We cannot discard other mechanisms that may involve other components through which goat’s milk exert its beneficial effect, such as micro RNAs contained in exosomes [50], or bioactive peptides [51]. Exosomes have been found in the skim and fat fraction of human, goat and bovine milk and are able to enter normal or tumor cells decreasing the expression of the miRNA’s target genes [50]. However, further research is needed to establish whether the goat’s milk used in this study preserved its exosome or bioactive peptide content, and to evaluate if contributed to the observed beneficial effect.
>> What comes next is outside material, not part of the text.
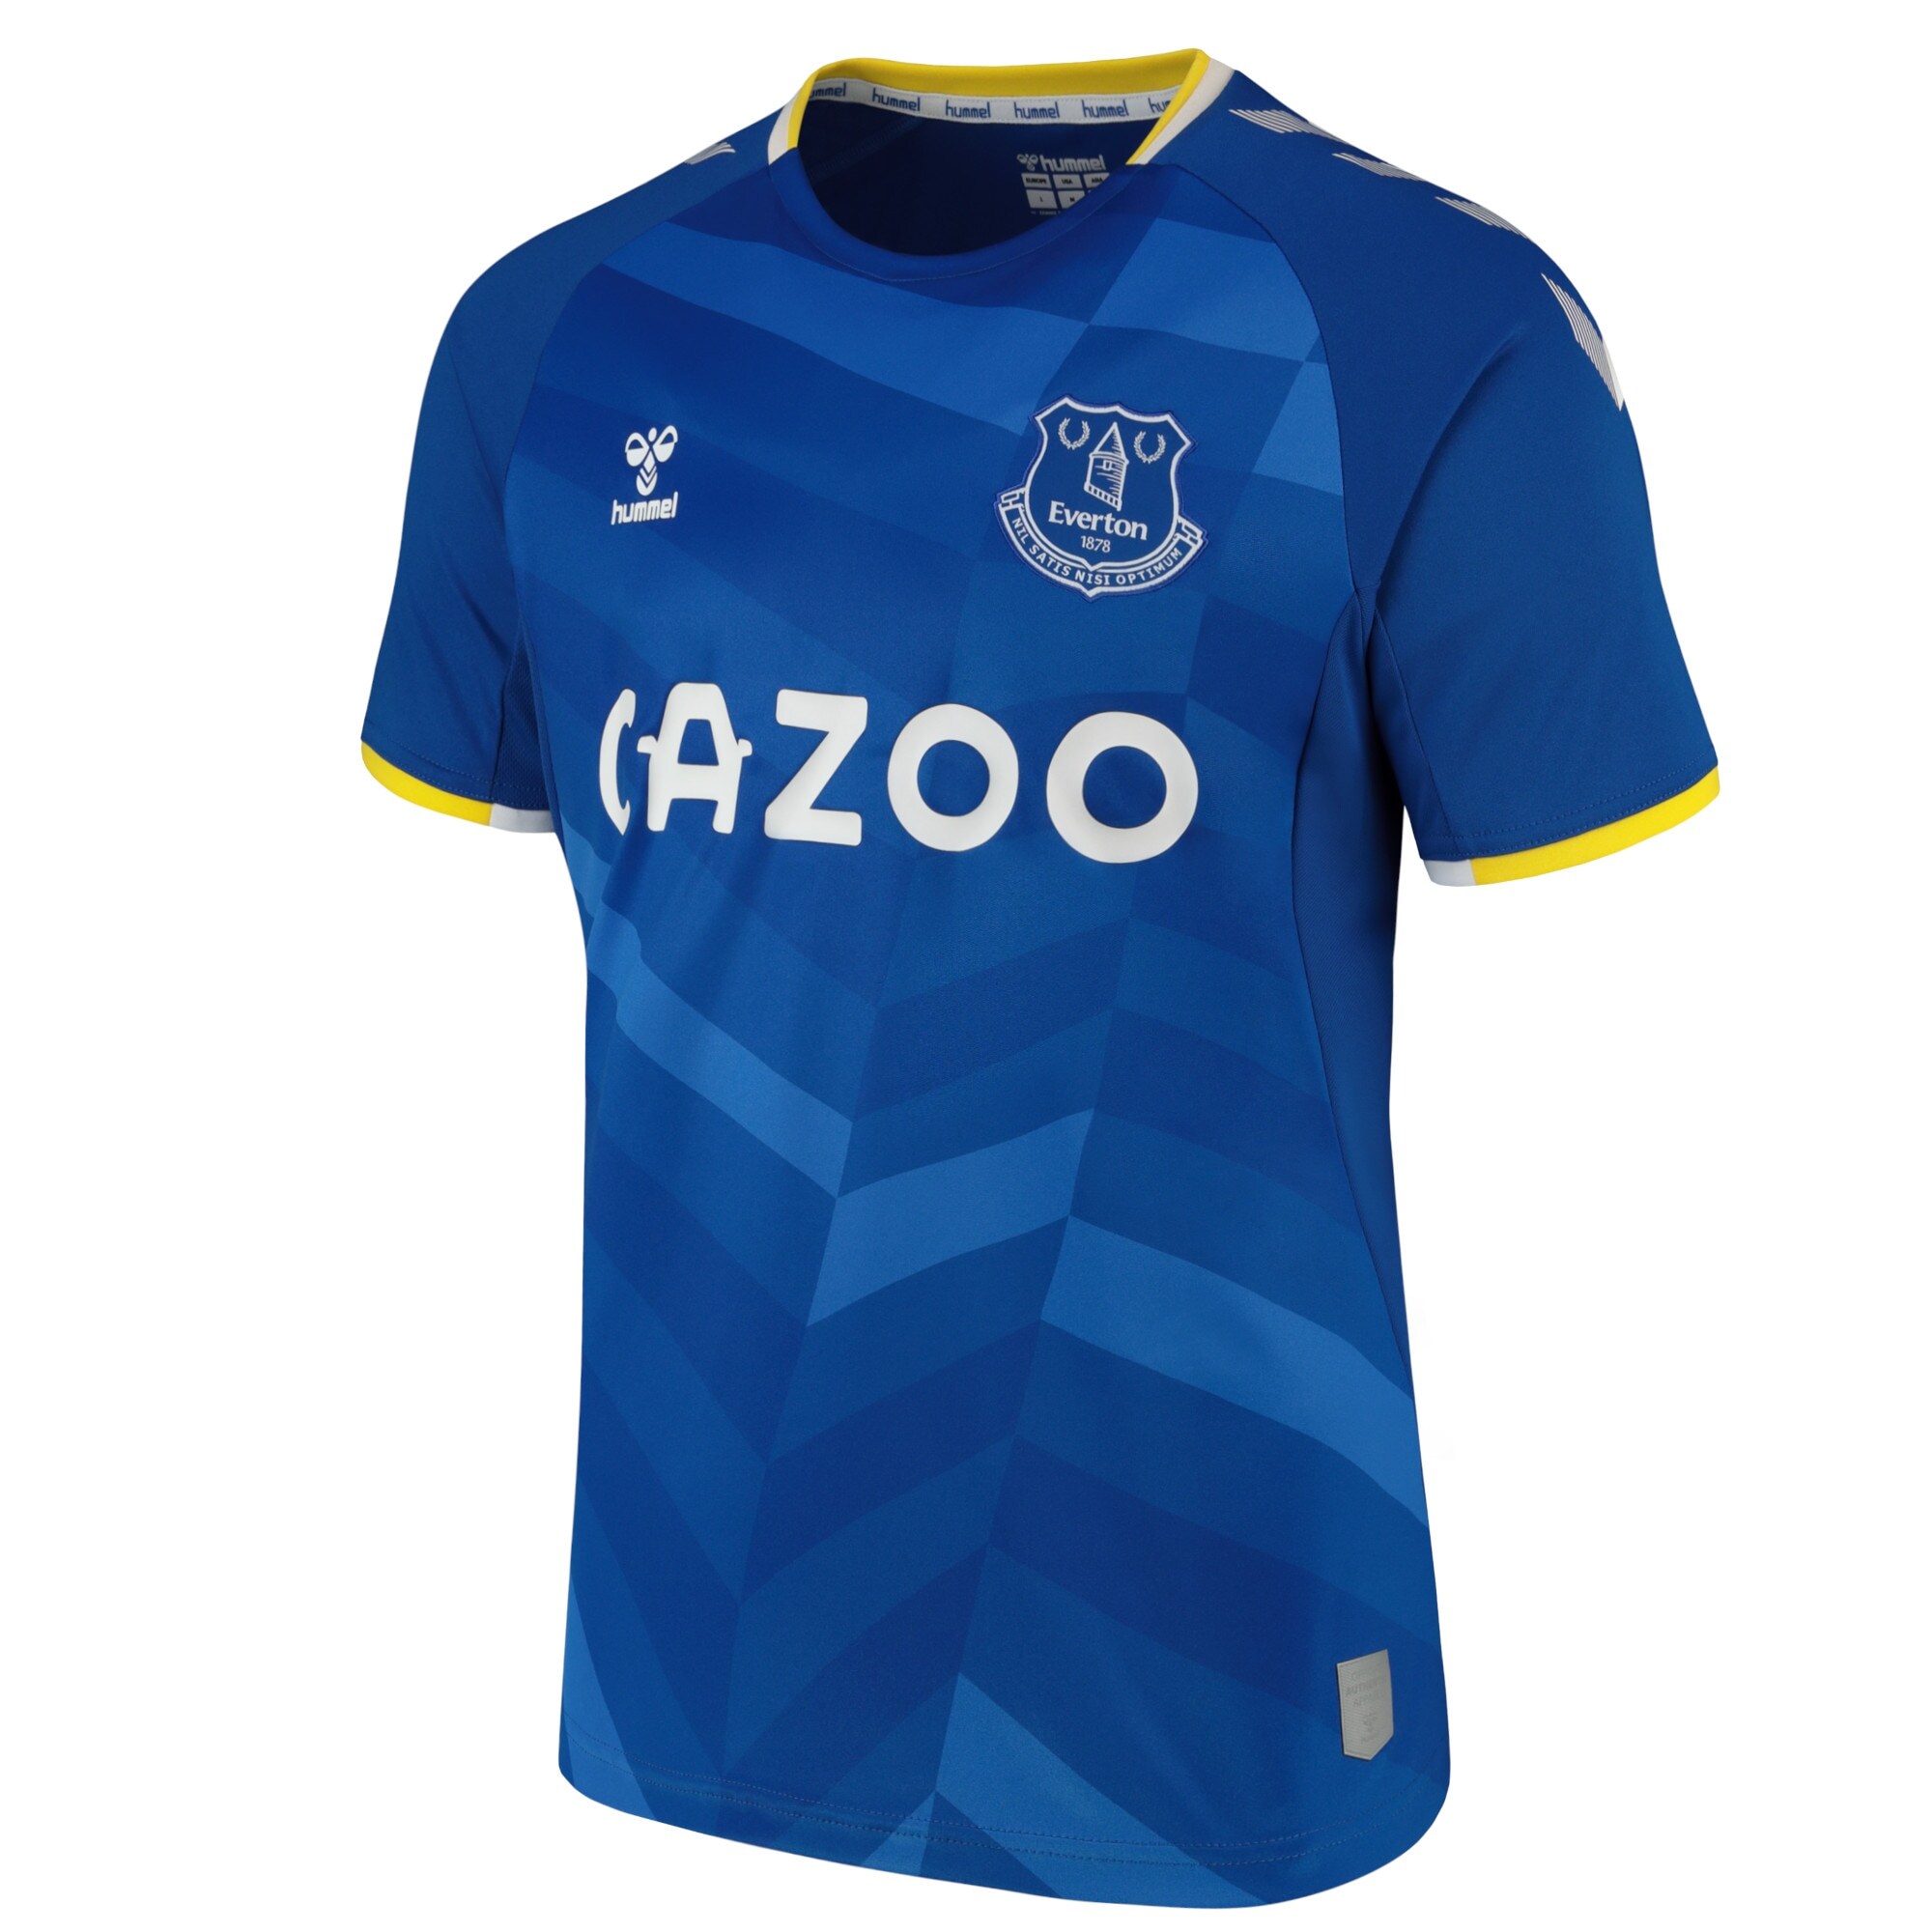 Everton Home Shirt - 2021-22 with El Ghazi 34 printing

Altogether our results demonstrate that the incorporation of goat’s milk decreased body weight and body fat mass, improved glucose tolerance, prevented adipose tissue hypertrophy and hepatic steatosis in mice fed a HF diet, through an increase in energy expenditure, augmented oxidative fibers in skeletal muscle, and reduced inflammatory markers. Therefore, goat’s milk can be considered a non-pharmacologic strategy to improve the metabolic alterations induced by a HF diet. A summary diagram of the effects in mice metabolism by incorporating dry whole goat milk in a high fat diet is shown in Figure 7.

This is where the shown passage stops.